Purpose: To describe the visual acuity and safety outcomes for the first 50 patients with neovascular age-related macular degeneration (nAMD) treated with ranibizumab at Moorfields Eye Hospital.
Methods: A retrospective analysis of case notes from the first 50 consecutive patients with Primary Care Trust funding for ranibizumab therapy for nAMD. Visual acuity outcomes and adverse events were noted, as were service delivery-related indicators.

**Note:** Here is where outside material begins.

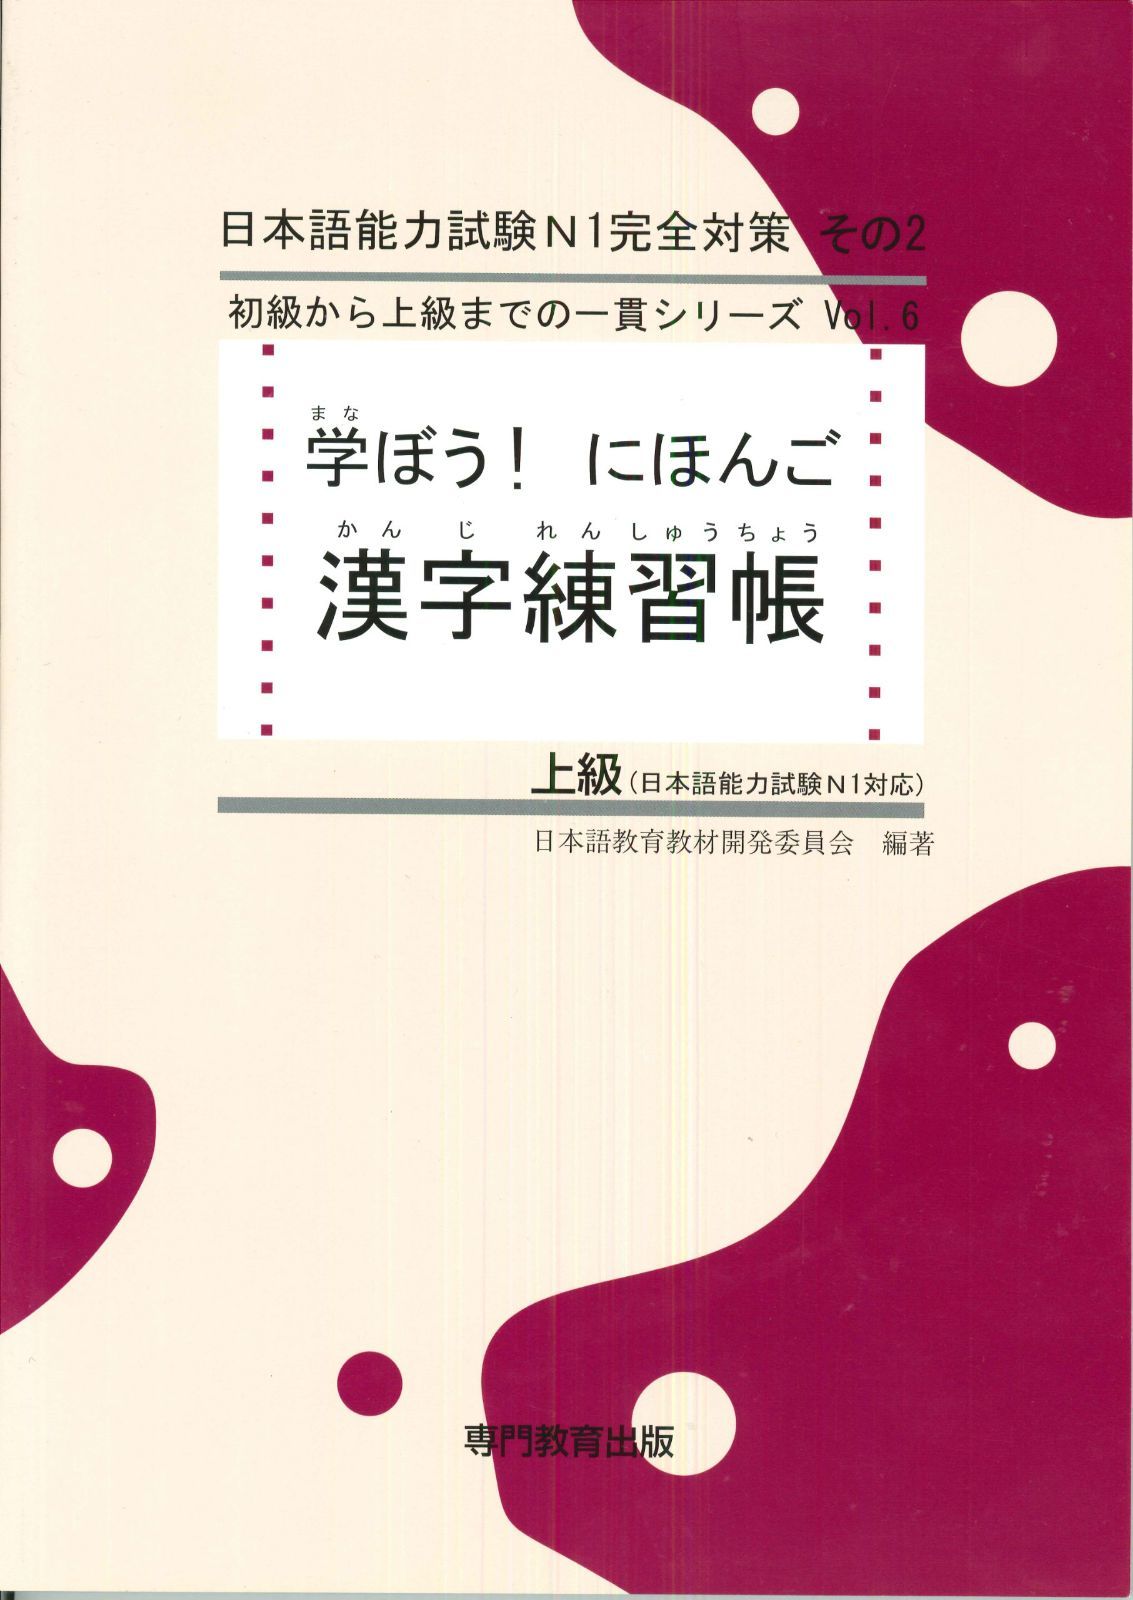 学ぼう! にほんご 上級 漢字練習帳 (日本語能力試験N1/日本語NAT-TEST1級対応) - メルカリ

Results: The mean (±standard deviation) age of the 50 patients was 81 ± 17 years. The mean follow-up of patients was 13.6 ± 2 (range 7.7-18) months. The mean change in visual acuity ± standard error was +4.6 ± 2.2 letters at the end of follow-up, with 26% gaining 15 letters or more. The mean (median) number of injections was 4.7 (4.5) per 12-month period. The mean (median) delay in Primary Care Trust funding approval was 35 days (32 days) prior to the final appraisal document from the National Institute of Health and Clinical Excellence.
Conclusions: The real-world outcomes of ranibizumab therapy in this initial cohort of patients with nAMD are comparable with those reported in the pivotal, randomized, controlled trials using fewer injections and a prn strategy of retreatment to achieve the gain in visual acuity.
Keywords: macular degeneration; ranibizumab; retina.